*REQUIRED WORK:* No pictures go in the copy. Restate, word for word, each line from the one containing "taken aback, startled" through the last line below.

*RECORDED DATA:*
^^^^^^^^^^^^^^^^
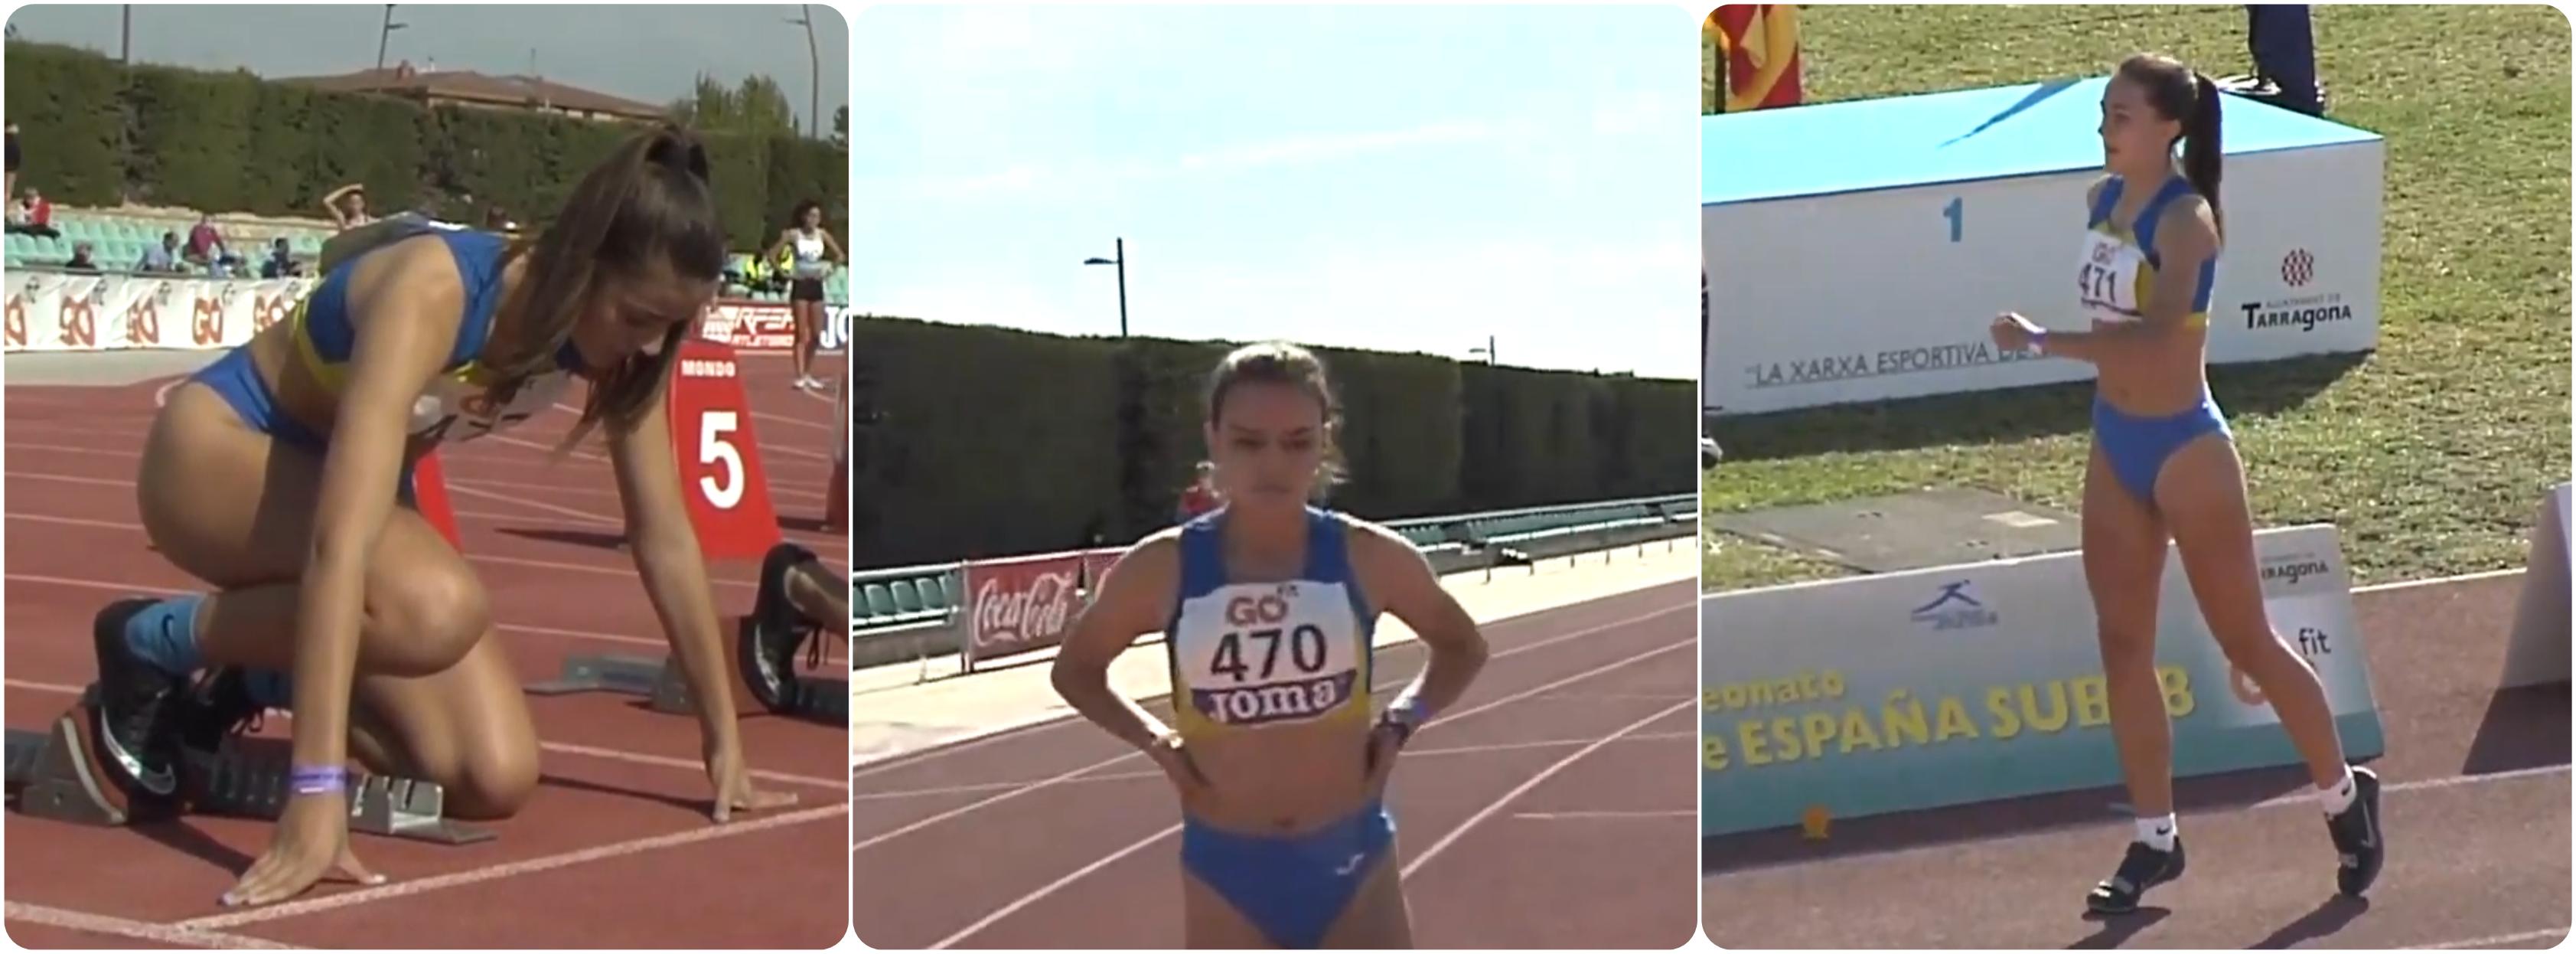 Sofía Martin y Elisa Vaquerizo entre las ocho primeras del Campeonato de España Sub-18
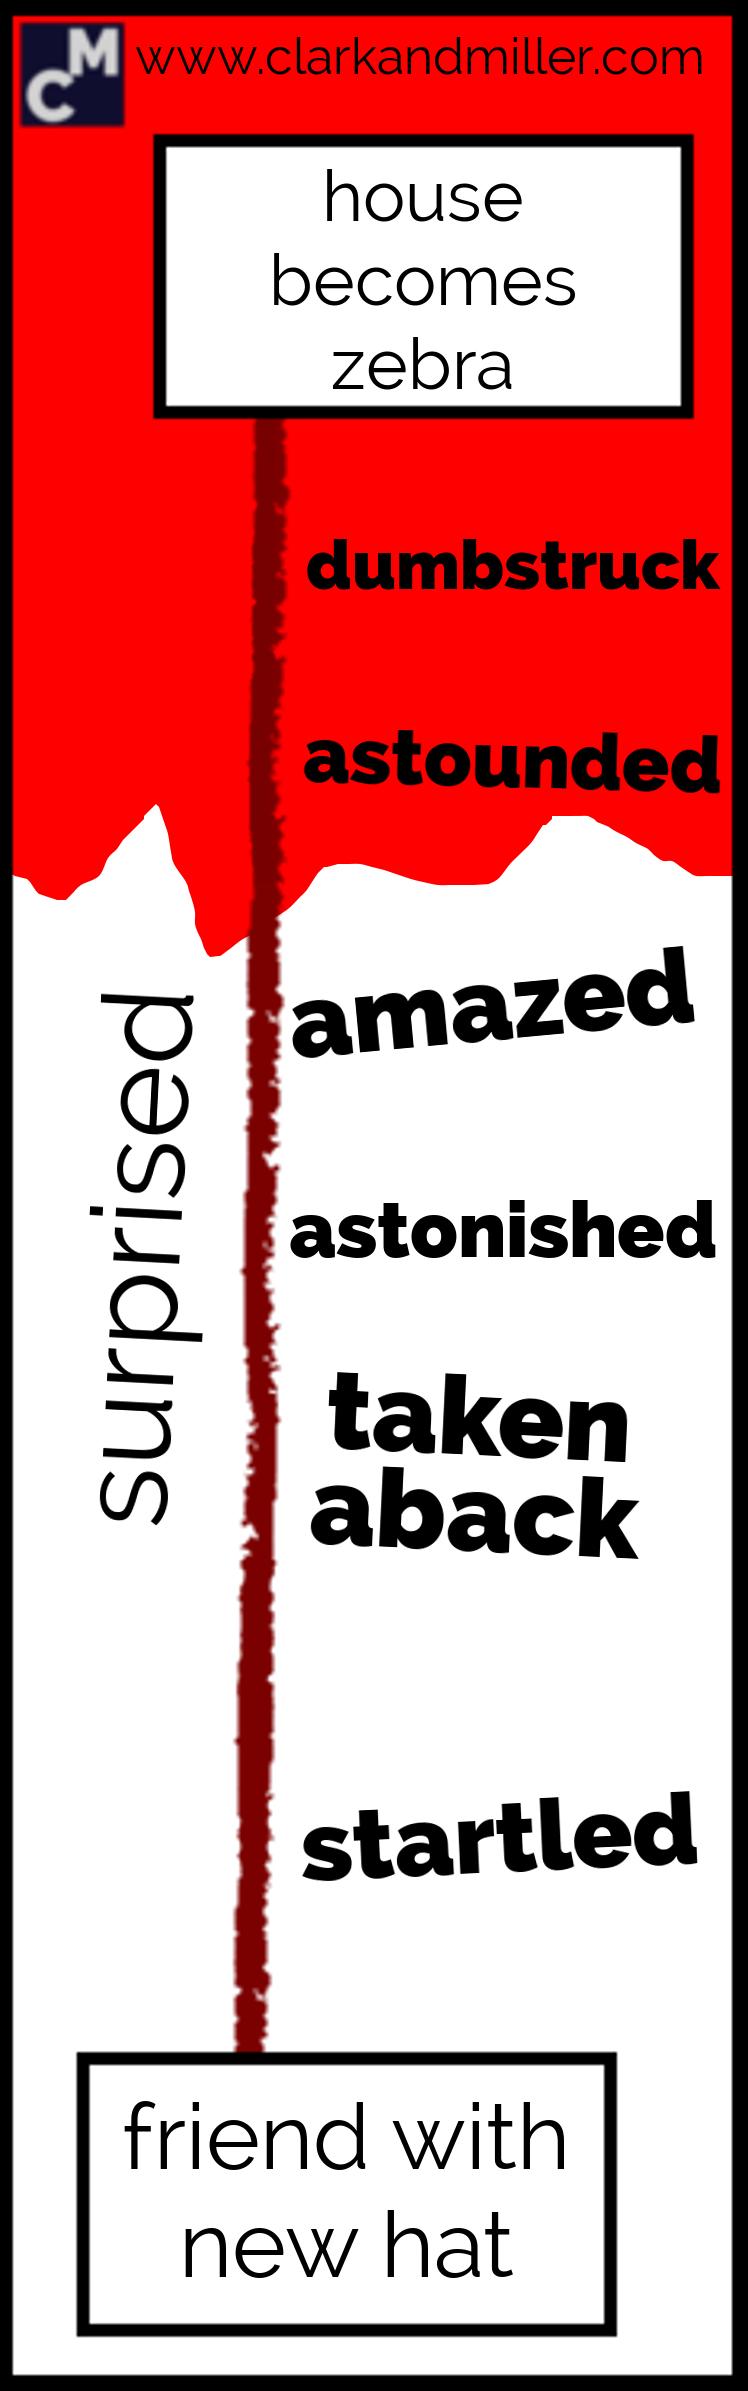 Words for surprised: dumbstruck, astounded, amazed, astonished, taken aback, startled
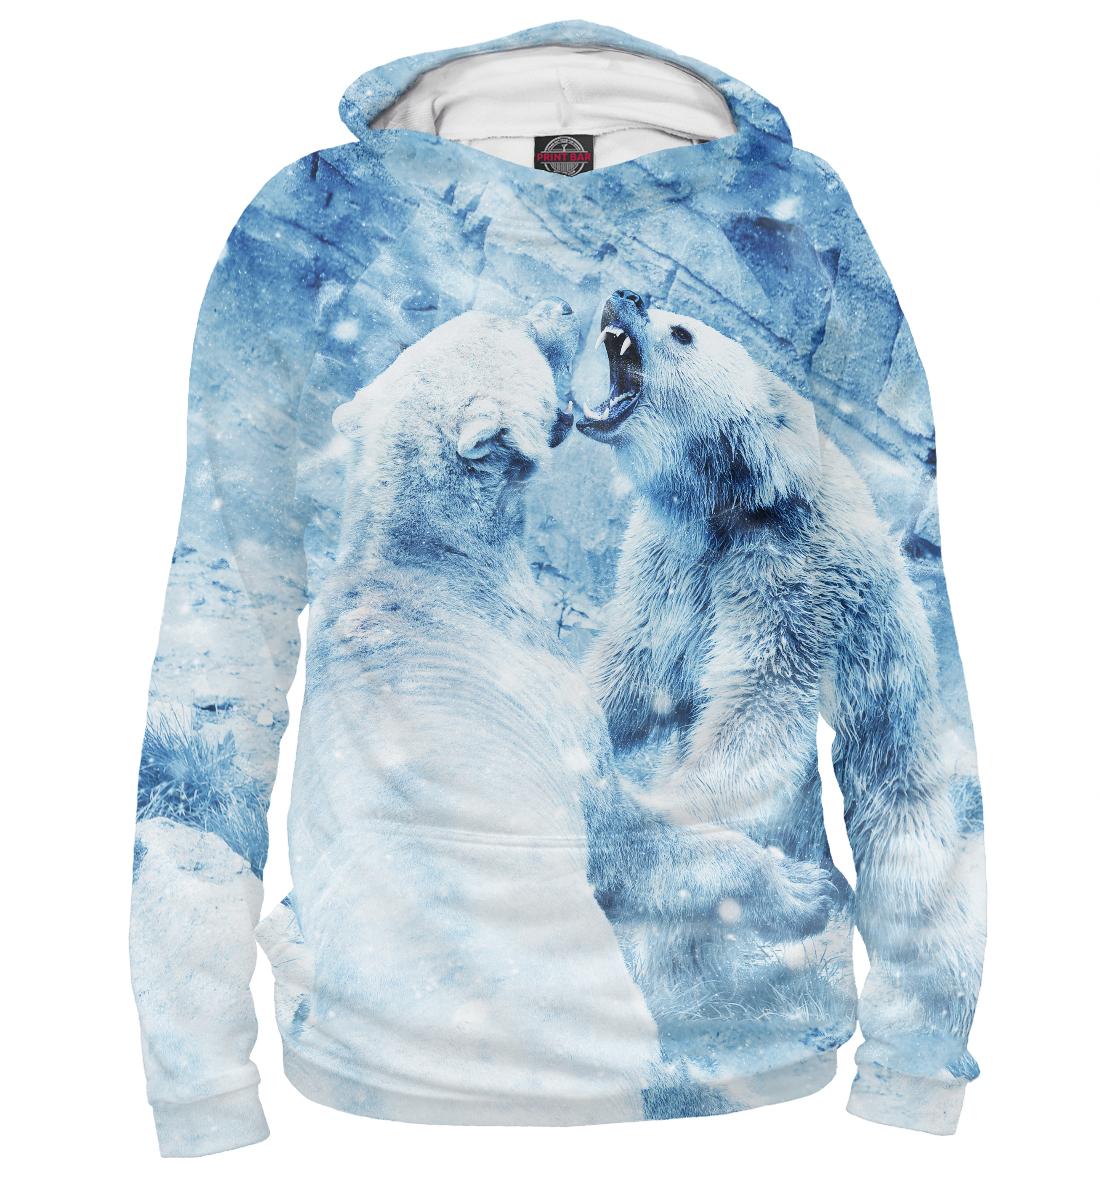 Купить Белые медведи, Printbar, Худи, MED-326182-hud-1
^^^^^^^^^^^^^^^^
*ANSWER FOR THE TASK:*
 Words for surprised: dumbstruck, astounded, amazed, astonished, taken aback, startled
 Купить Белые медведи, Printbar, Худи, MED-326182-hud-1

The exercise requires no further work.